Kristy Gao's work in San Francisco involves opening her laptop to a dashboard tracking thousands of medical referrals flowing through her startup's AI system. Just three years ago, she was writing code for carbon accounting engines at Watershed Climate. Today, as Co-founder of Cenote, she is tackling one of healthcare's most persistent inefficiencies: the fax machine.
The Fax Problem
The American healthcare system has a secret hiding in plain sight. Despite technological advances influencing every other industry, specialist clinics still receive hundreds of faxes weekly containing critical patient information. Each fax requires manual data extraction, insurance verification, and follow-up communication, a process so inefficient that 40 to 60 percent of patient referrals simply drop off, costing the U.S. healthcare system over $150 billion annually.
This administrative challenge became personal for Kristy Gao after a medical emergency left her reaching out for insurance claims and waiting six months for necessary follow-up care. The experience sparked the idea for Cenote, which she founded in 2024 with co-founders Kofi Ansong and Ajani Smith-Washington. They are friends she met through a book club she started to build connections in San Francisco.
"Leaving behind a job and a lifestyle that you've had for a few years, to start a company is scary," Kristy Gao explains. For her, the stakes were even higher due to immigration complications. "There's an additional complication where if I quit my job, I couldn't stay in the U.S. anymore because I didn't have a work visa. I actually moved back home to Canada for months."
What truly frightened her, however, was not the career risk or visa uncertainty, but "if I'd regret not trying."
From Waterloo to Y Combinator
Kristy Gao's technical foundation was built at the University of Waterloo, where she earned her Bachelor's in computer science in 2022. During her university years, she organized Hack the North, the world's biggest student hackathon, and founded the SoGal Chapter at Waterloo to reduce diversity gaps in entrepreneurship.
Her career accelerated through internships at Google, PayPal, and Cockroach Labs before landing at Watershed Climate, where she built carbon accounting engines. This expertise and healthcare experience helped her tackle the referral processing challenge.
In early 2025, Cenote was accepted into Y Combinator's Winter batch, securing $500,000 in seed funding and joining the ranks of an accelerator that launched industry giants like Airbnb and Reddit.
"It's a real privilege to be a recipient. YC can take any company to the next level, not just with their funding, but also their resources at hand, like their network and mentorship," Gao acknowledges.
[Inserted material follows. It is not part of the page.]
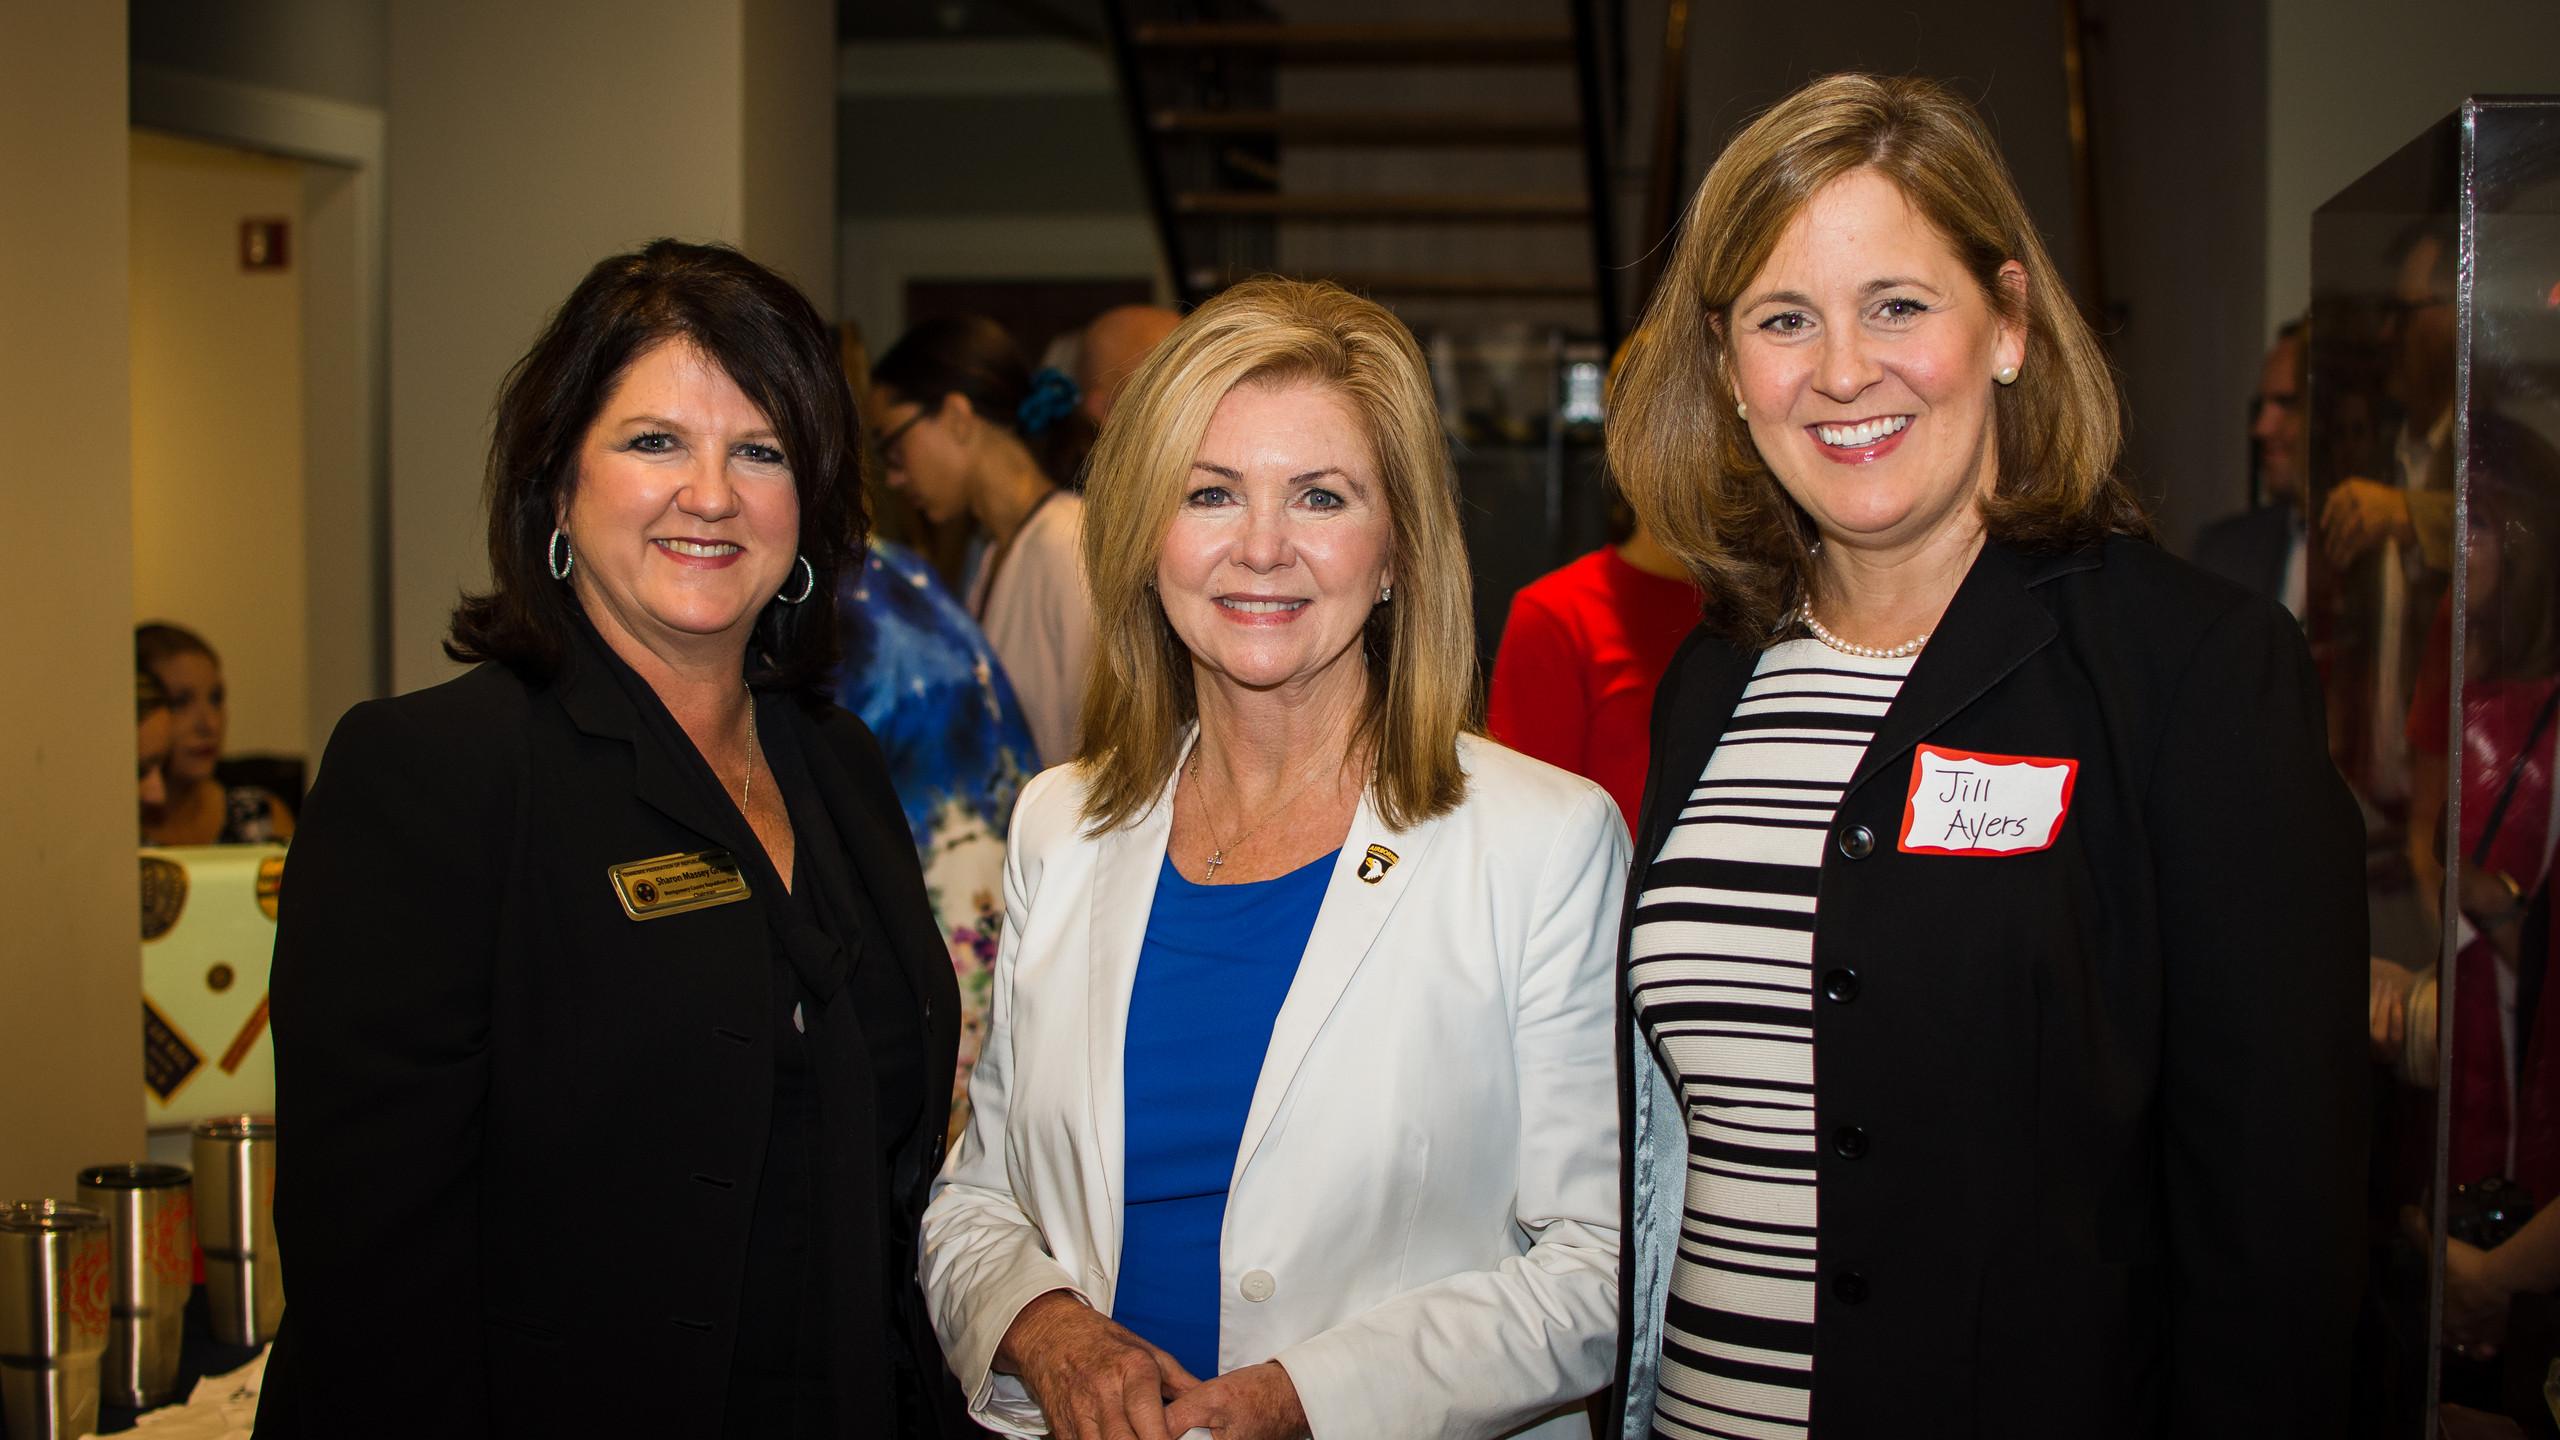 Sharon Grimes, Marsha Blackburn, and Jil

AI-Powered Healthcare Administration
Cenote's platform automates the entire referral-to-treatment pipeline using a combination of artificial intelligence (AI), natural language processing (NLP), and robotic process automation. The system parses incoming faxes, identifies missing information, verifies insurance coverage, and integrates with electronic health records, reducing referral processing time from weeks to hours.
Since joining Y Combinator, Cenote's annual recurring revenue has surged with a 50 percent week-over-week growth rate. The startup now serves sleep clinics, durable medical equipment providers, and neurology practices, processing thousands of patients monthly.
Cenote's approach is unique because it focuses on building custom electronic health record integrations. "We're using AI browser automation to help build EHR integrations that traditionally take weeks," Kristy Gao explains.
The Future of Healthcare Administration
While Cenote focuses on the U.S. healthcare system, administrative inefficiencies plague medical systems worldwide. The World Health Organization estimates that 20 to 40 percent of all healthcare spending globally is wasted due to inefficiency, with administrative costs showing a significant portion of this waste. Countries with single-payer systems face different but related challenges. For example, the UK's National Health Service struggles with referral backlogs that have worsened since the COVID-19 pandemic, with waiting lists exceeding 7 million patients in 2023.
As Cenote develops, Gao plans to move into specialty pharmacies and wound care clinics. Cenote's approach suggests that the future of healthcare is not just about developing new cures, but about ensuring that existing treatments reach patients efficiently.